Nursing Schools Nationwide Are Mobilized to Accommodate
Students and Faculty Displaced by Hurricane Katrina
 
CCNE Accrediting Body Issues Statement in Support of Relief Efforts


WASHINGTON, DC, September 9, 2005 – The American Association of Colleges of Nursing (AACN) applauds the efforts of nursing schools nationwide to accommodate the 3,000 nursing students and faculty displaced by Hurricane Katrina. More than 100 schools representing 35 states and the District of Columbia have made arrangements to accept students on an expedited basis, provide housing when possible, and offer nurse faculty opportunities to teach while their home institutions in New Orleans and the surrounding area remain closed.

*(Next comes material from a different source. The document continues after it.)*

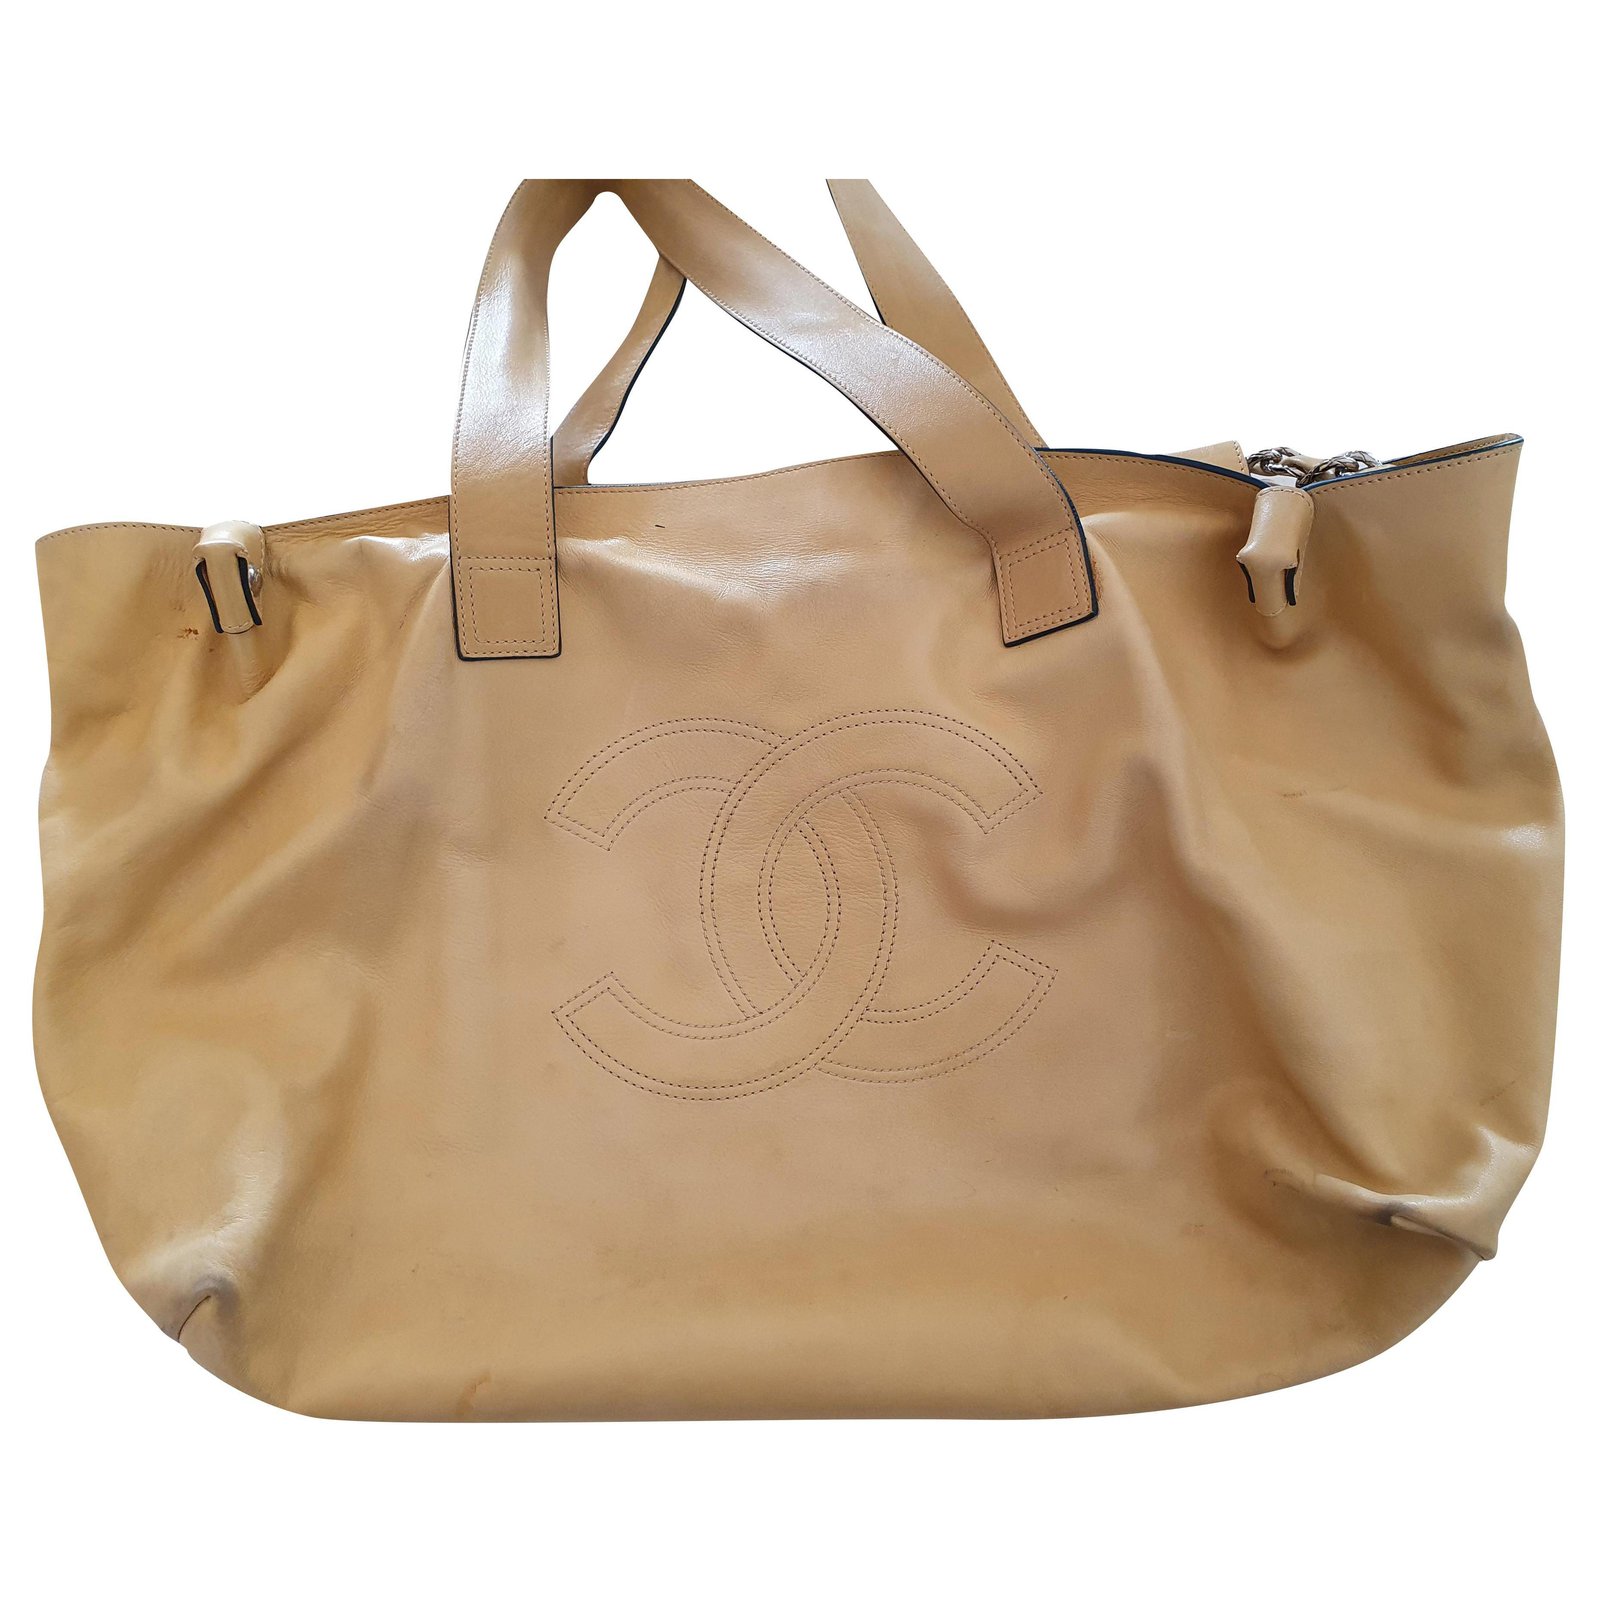 Handbags Chanel Handbag with Shoulder Strap

“In light of the nursing shortage, it is extremely important to the nation’s health that the pipeline of new nurse graduates remains strong and is not compromised in the wake of Hurricane Katrina,” said AACN President Dr. Jean E. Bartels. “Nursing schools from coast to coast are stepping forward to provide needed assistance to enable students to continue their education and create opportunities for faculty to teach.”

Among the nursing schools hardest hit by Hurricane Katrina were Dillard University, Louisiana State University Health Sciences Center, Loyola University of New Orleans, and Our Lady of Holy Cross College. Students enrolled in nursing programs at these and other affected institutions this fall are encouraged to use the hurricane relief directory found at http://www.aacn.nche.edu/HurricaneRelief.htm to locate schools able to accept transfers. Some schools will accept individuals while others are looking to accommodate whole classes with faculty. Some schools are waiving tuition fees while others are securing important support services. In terms of housing, some students and faculty are opening their homes to displaced individuals when university housing is not an option.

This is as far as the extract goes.